# Task to complete
Using the data below, transcribe exactly everything from the line that contains "MIX-Markt Zeitung, газета. 2021 №29 стр.11" down to the line that contains "Market woman wearing". Include both of those lines and none of the pictures.

# Data extract
BEGIN

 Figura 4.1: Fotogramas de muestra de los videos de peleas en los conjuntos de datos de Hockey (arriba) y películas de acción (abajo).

END
BEGIN

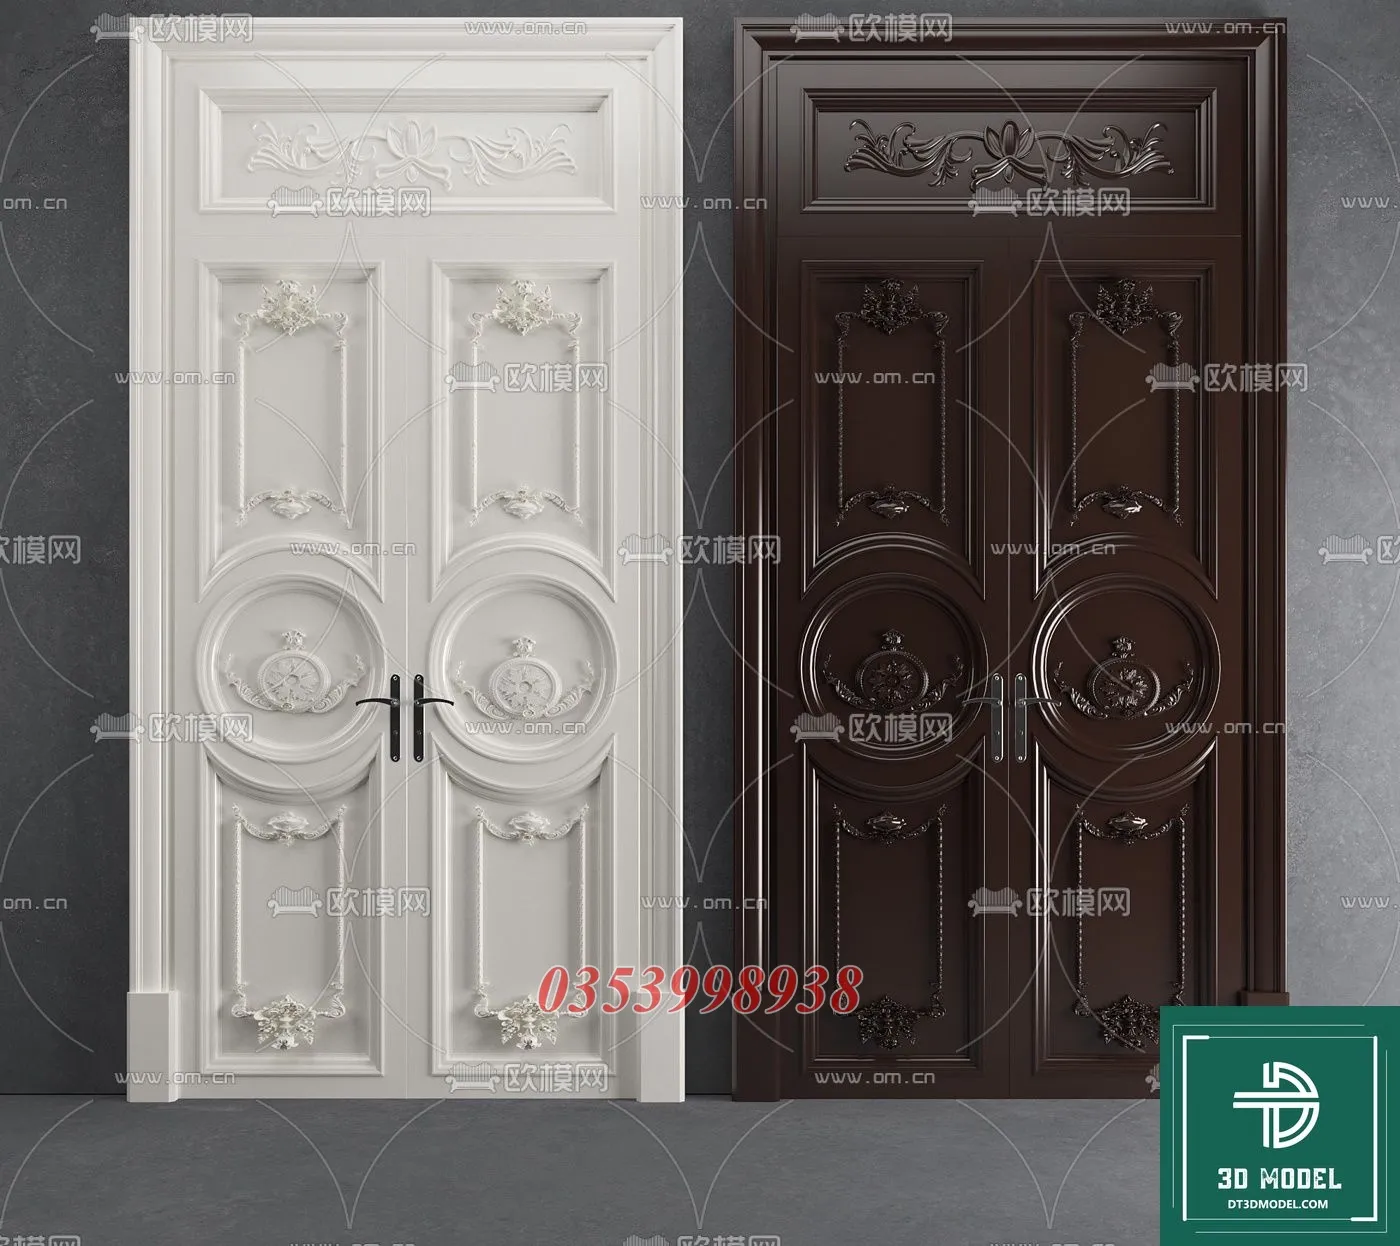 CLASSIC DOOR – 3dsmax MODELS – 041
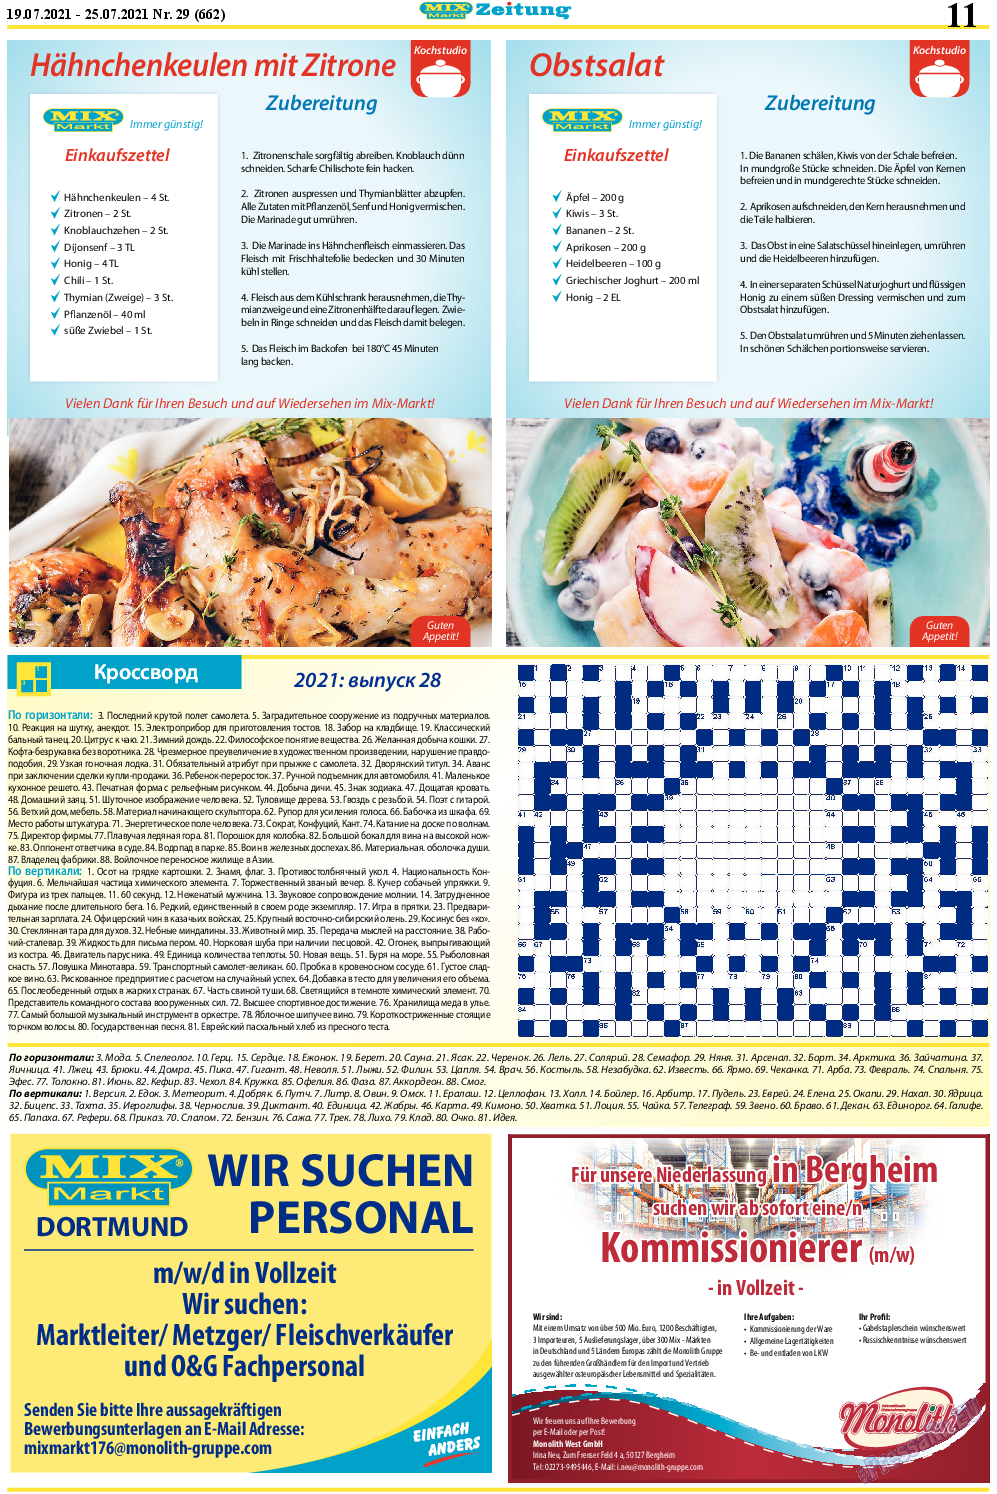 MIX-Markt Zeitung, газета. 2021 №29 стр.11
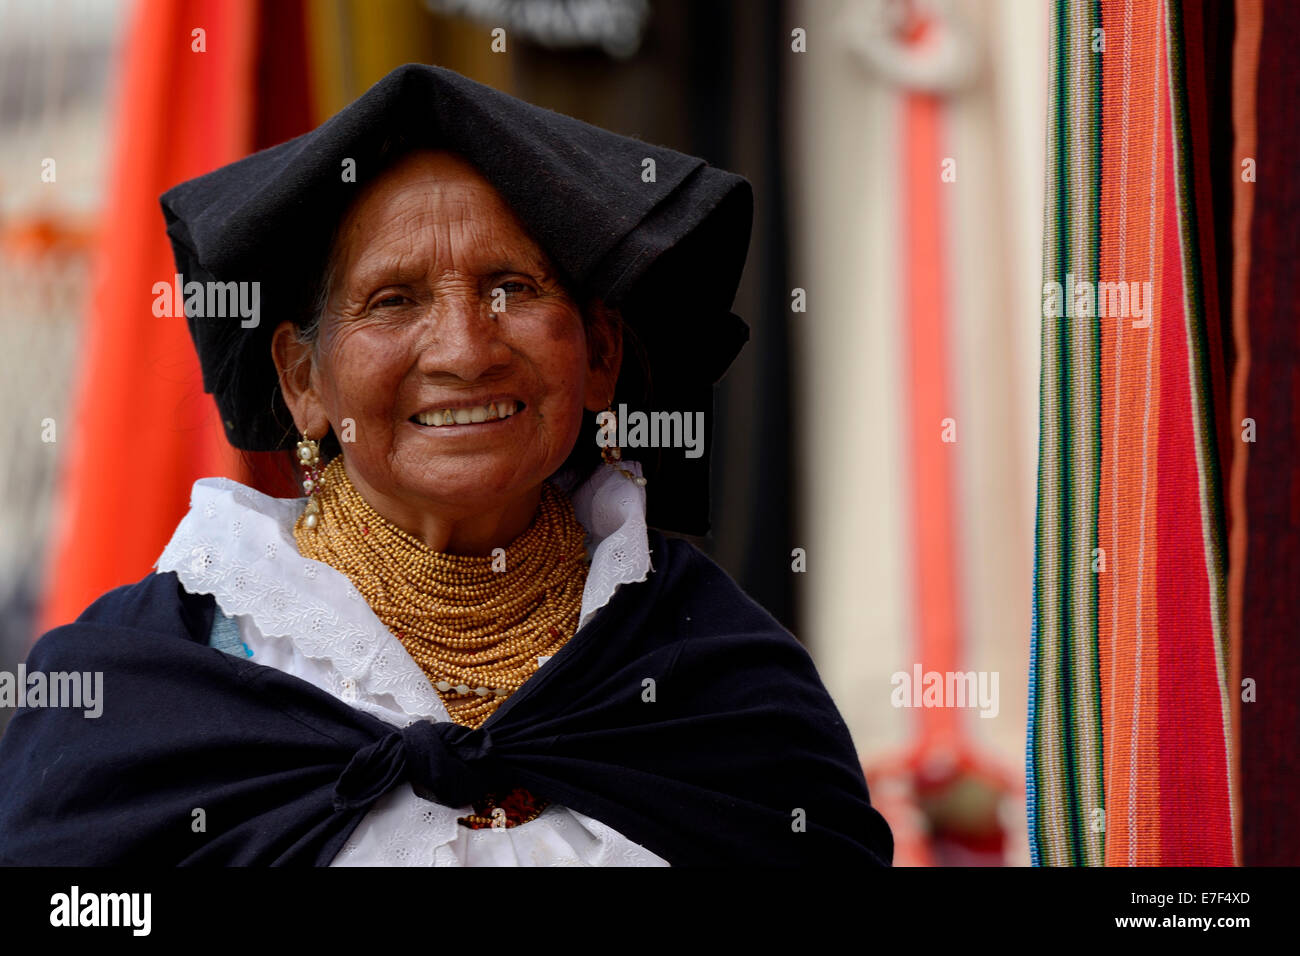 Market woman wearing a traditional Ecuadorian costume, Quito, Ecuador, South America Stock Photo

END

# Exercise result
 MIX-Markt Zeitung, газета. 2021 №29 стр.11
 Market woman wearing a traditional Ecuadorian costume, Quito, Ecuador, South America Stock Photo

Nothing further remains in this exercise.